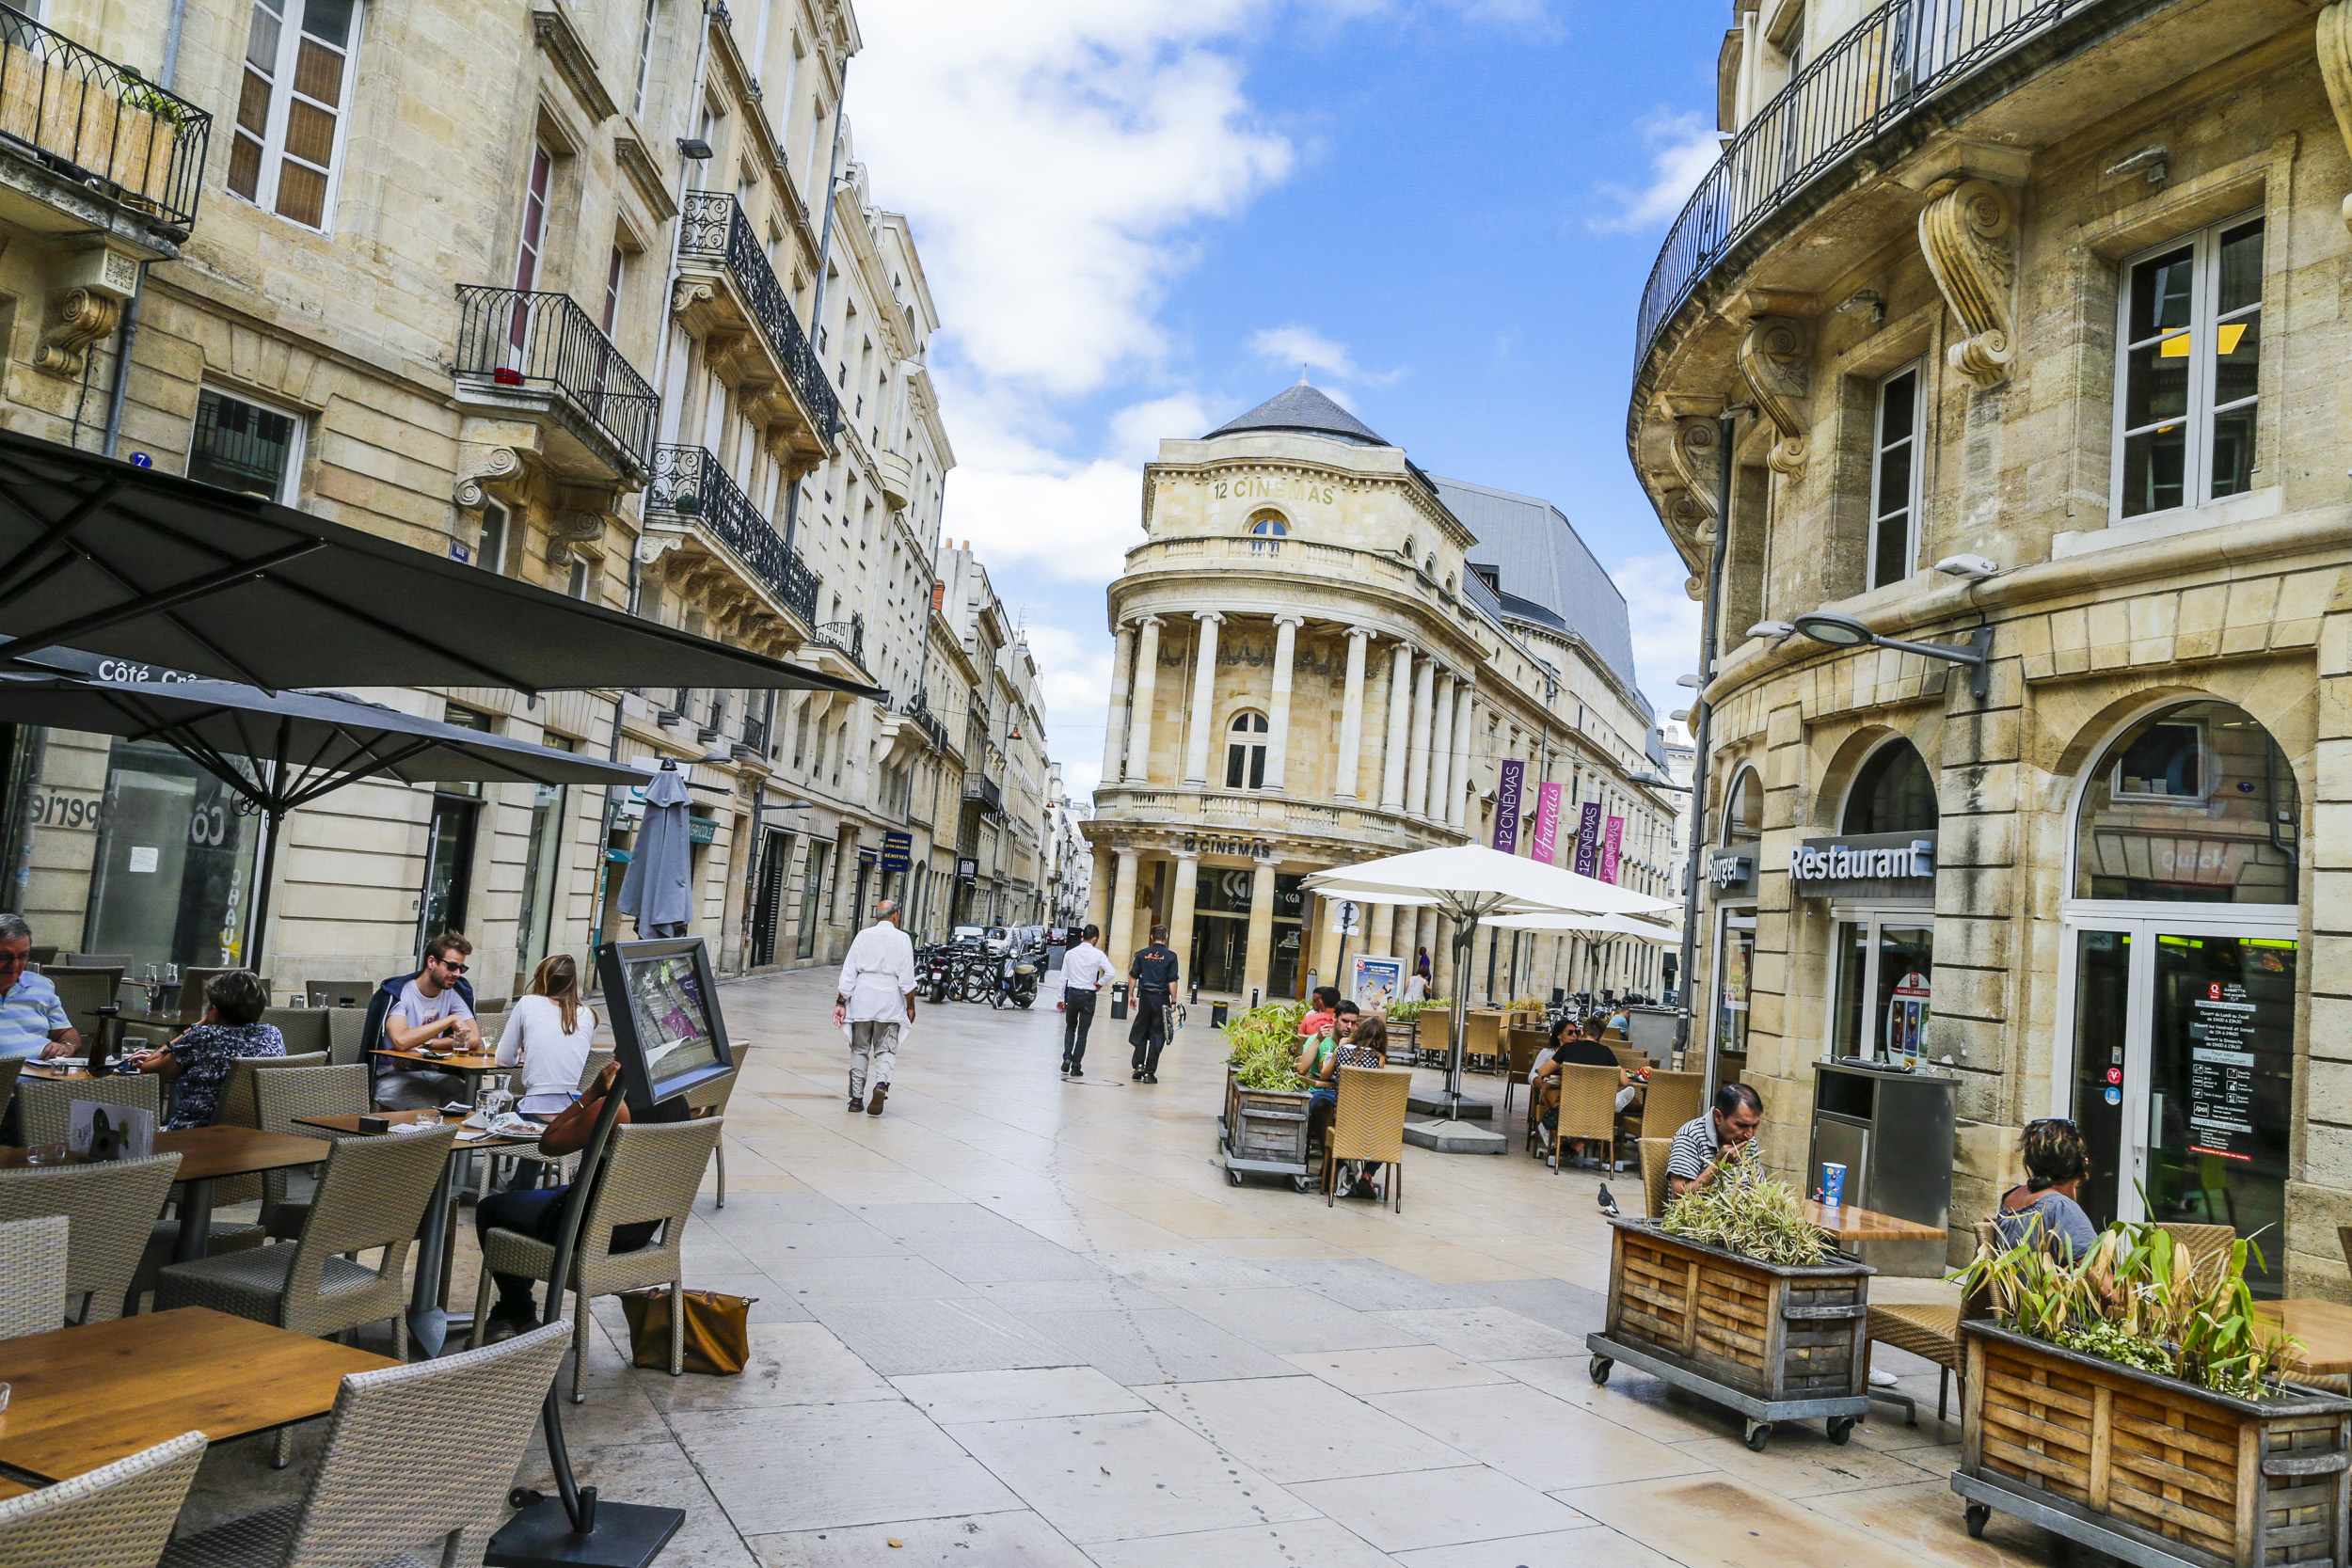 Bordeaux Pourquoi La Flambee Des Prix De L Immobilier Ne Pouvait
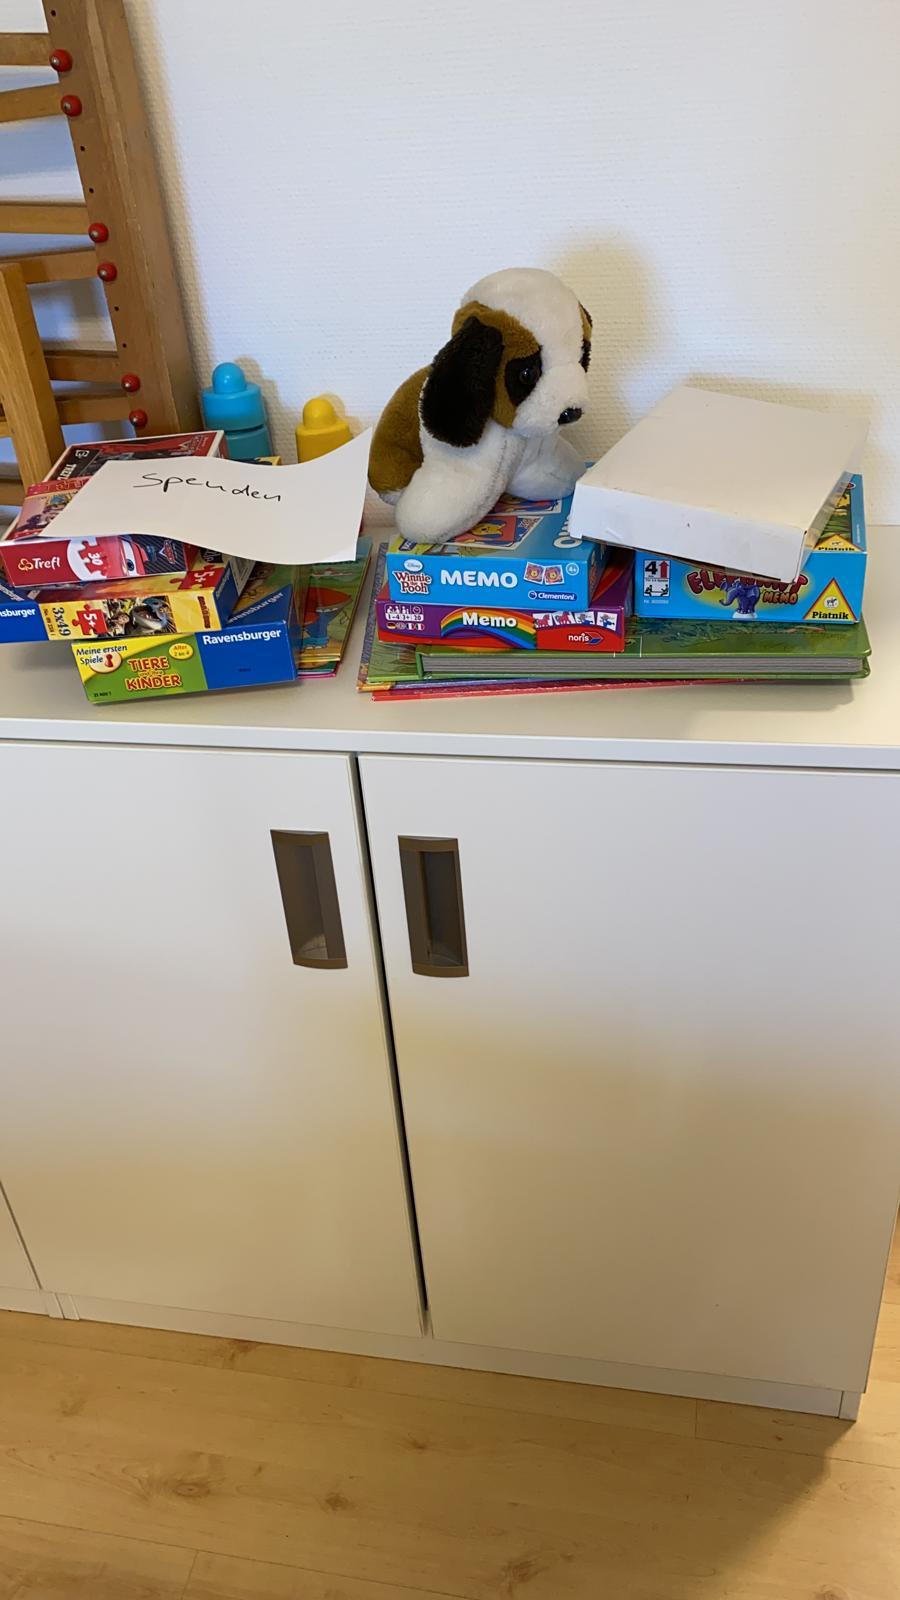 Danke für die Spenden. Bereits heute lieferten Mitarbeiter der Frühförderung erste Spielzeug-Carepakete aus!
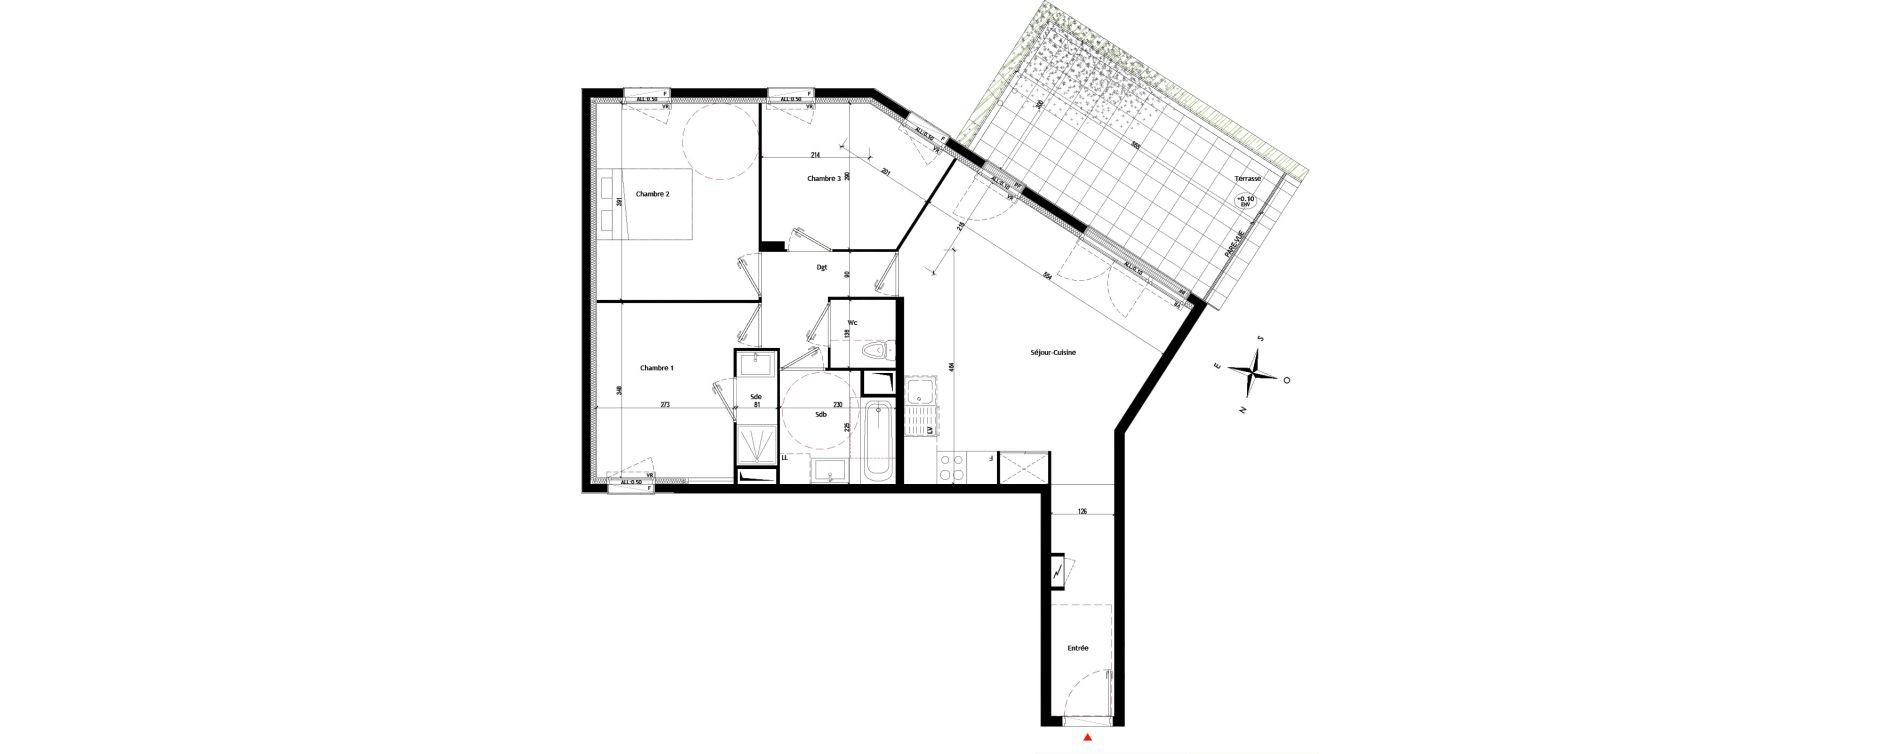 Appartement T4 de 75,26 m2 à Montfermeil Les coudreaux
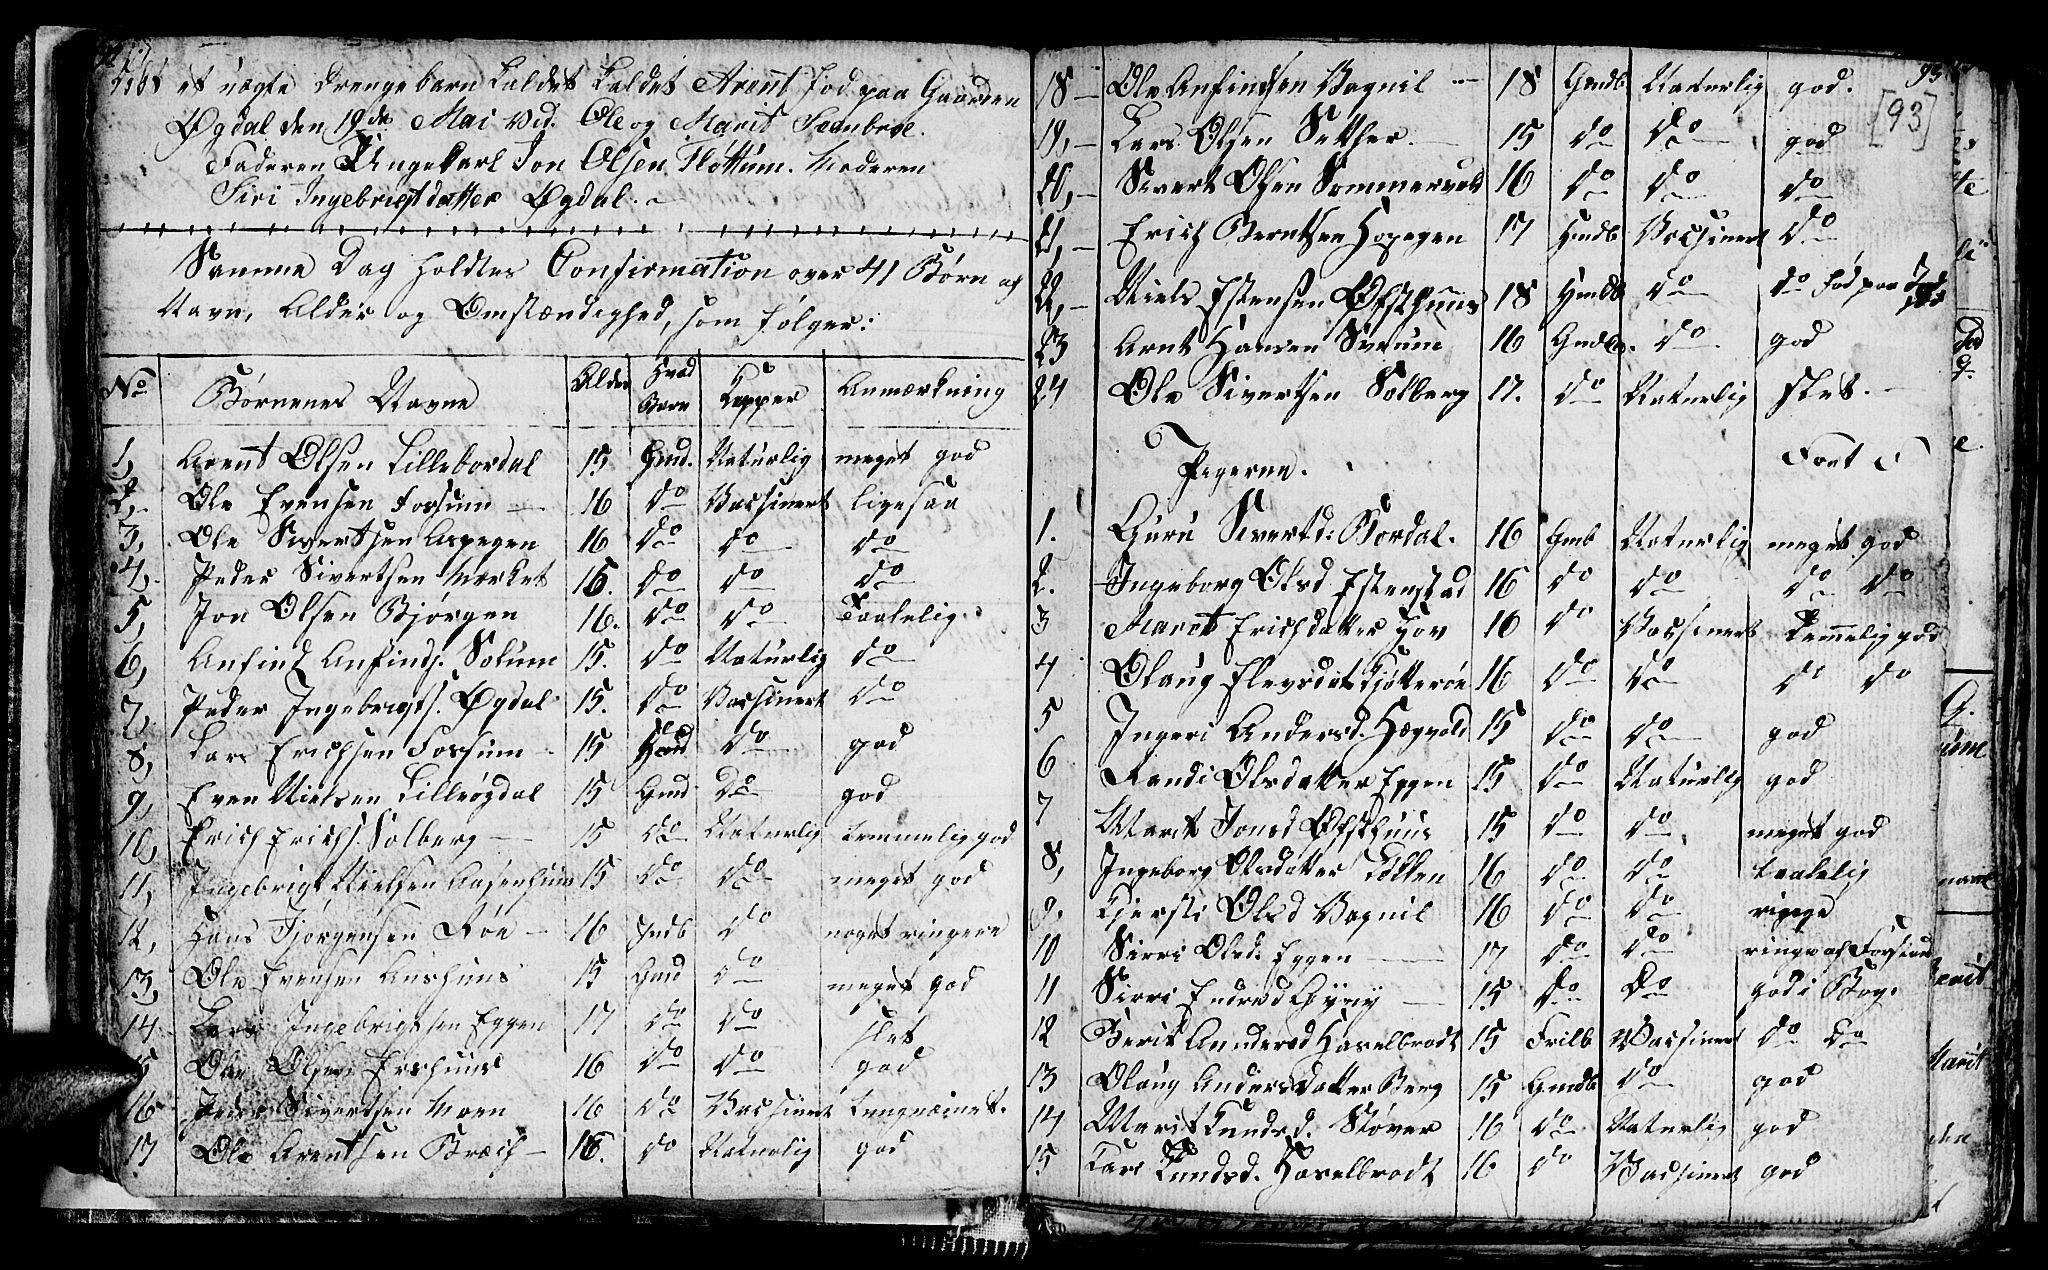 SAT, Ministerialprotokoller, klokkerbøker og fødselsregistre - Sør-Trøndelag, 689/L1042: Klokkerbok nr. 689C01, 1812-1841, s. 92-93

== EXERCISE DESCRIPTION ==
The answer is to be the lines from the line that contains "Appartement T4 de" through the last line of the material, retyped exactly, both included, with pictures left out, please.

== RESULT ==
 Appartement T4 de 75,26 m2 à Montfermeil Les coudreaux
 SAT, Ministerialprotokoller, klokkerbøker og fødselsregistre - Sør-Trøndelag, 689/L1042: Klokkerbok nr. 689C01, 1812-1841, s. 92-93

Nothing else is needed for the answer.